Factorising trigonometric functions In order to factorise $x^2-1$ one way of thinking about it would be to set it equal to zero and solve to get $x=1$ and $x=-1$.
You can then write $x^2-1=(x+1)(x-1)$
Can we do the same with trigonmetric functions, i.e
sin$x=0 \implies x=n\pi$ so 
sin$x=x(x-\pi)(x+\pi)(x-2\pi)(x+2\pi)...$
 A: Your idea is good.  It is well known that the sine function can be written as
$$\sin \pi x =\pi x \prod_{n=1}^{\infty}(1-x^2/n^2)$$
A: No. Try $x=\frac{1}{2}\pi$ and see that it doesn't work. 
A: Note that actually given the roots of a quadratic, you don't have a full specification. The same occurs with $\sin$ as well. Note that $\sin(x)$ and $2\sin(x)$ have the same roots for example. Also you must be very careful with infinite products such as the one you just wrote down.
A: You must make sure that ratio of both sides is a bounded function. Since that ratio only has removable singularities, it is a complex analytic function, the boundedness then implies by Liouville's theorem that the ratio is actually a constant.
A: Sort of.
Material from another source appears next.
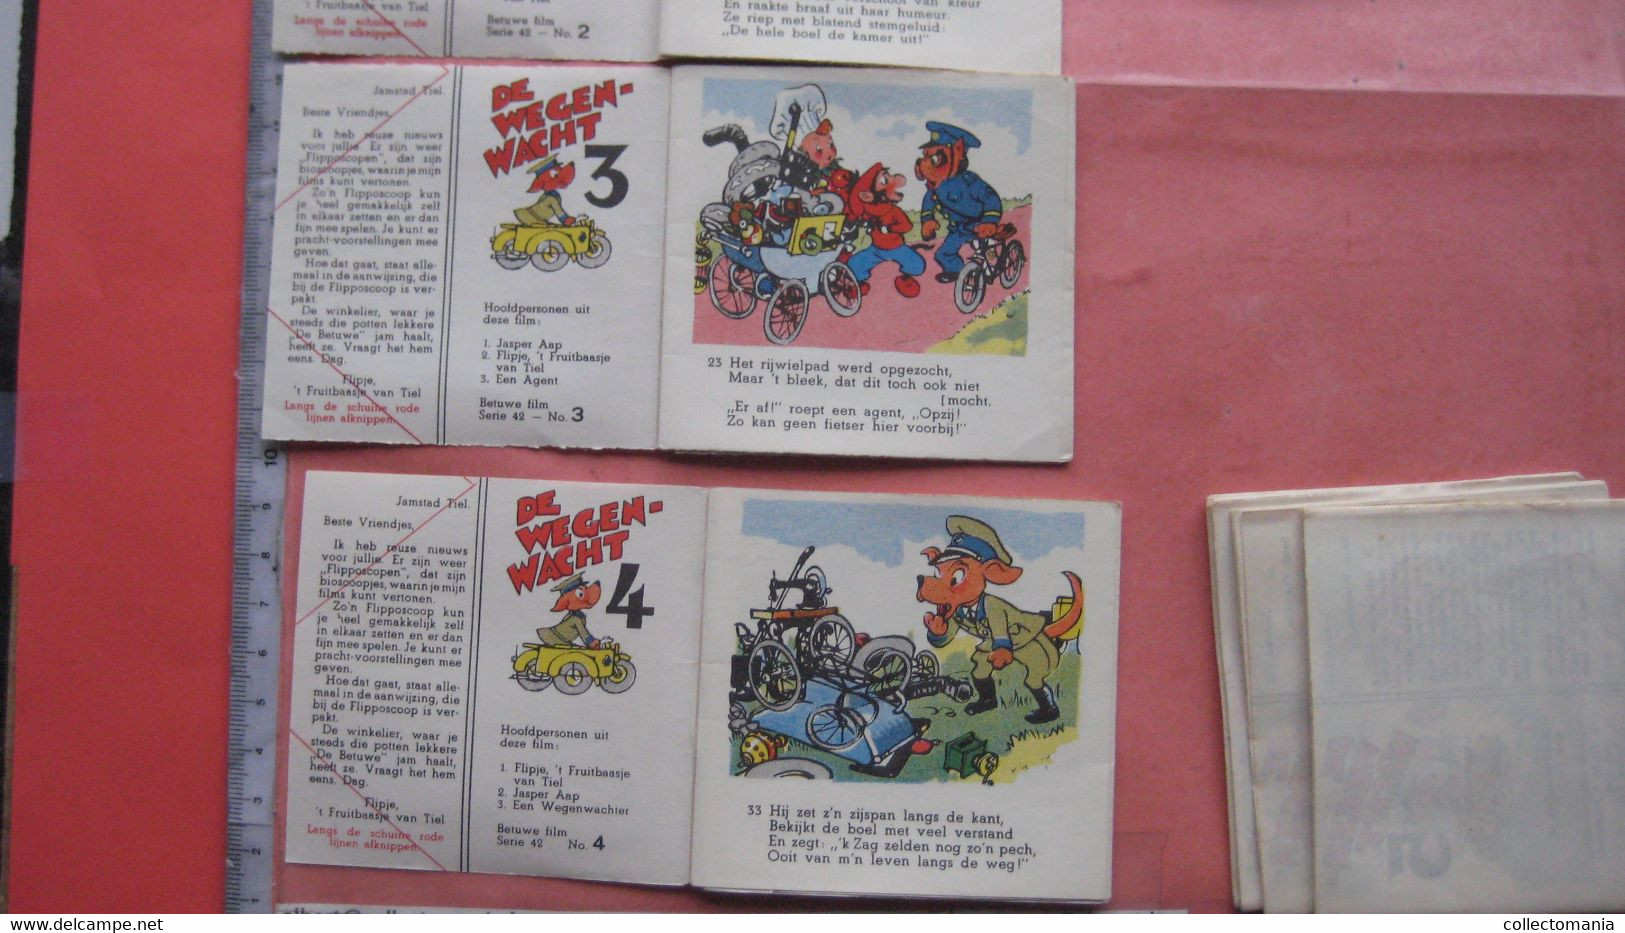 1952 Flipje, FRUITBAASJE de BETUWE, 4 kompl. series = 8 stroken in elk, voor kinderbioskoop FLIPPOSCOOP,  Prima staat

The product you are suggesting does not converge except at point $x=n\pi$. But a variant does work.
The function $\sin(\pi z)$ can be expressed as the infinite product
$$\pi z\prod_1^\infty \left(1-\frac{z^2}{n^2}\right).$$
From this you can get an infinite product representation for $\sin x$ by setting $z=\frac{x}{\pi}$.
This result is due to Euler, and played a crucial part in his famous  proof of the fact that $1+\frac{1}{ 2^2}+\frac{1}{3^2}+\cdots =\frac{\pi^2}{6}$.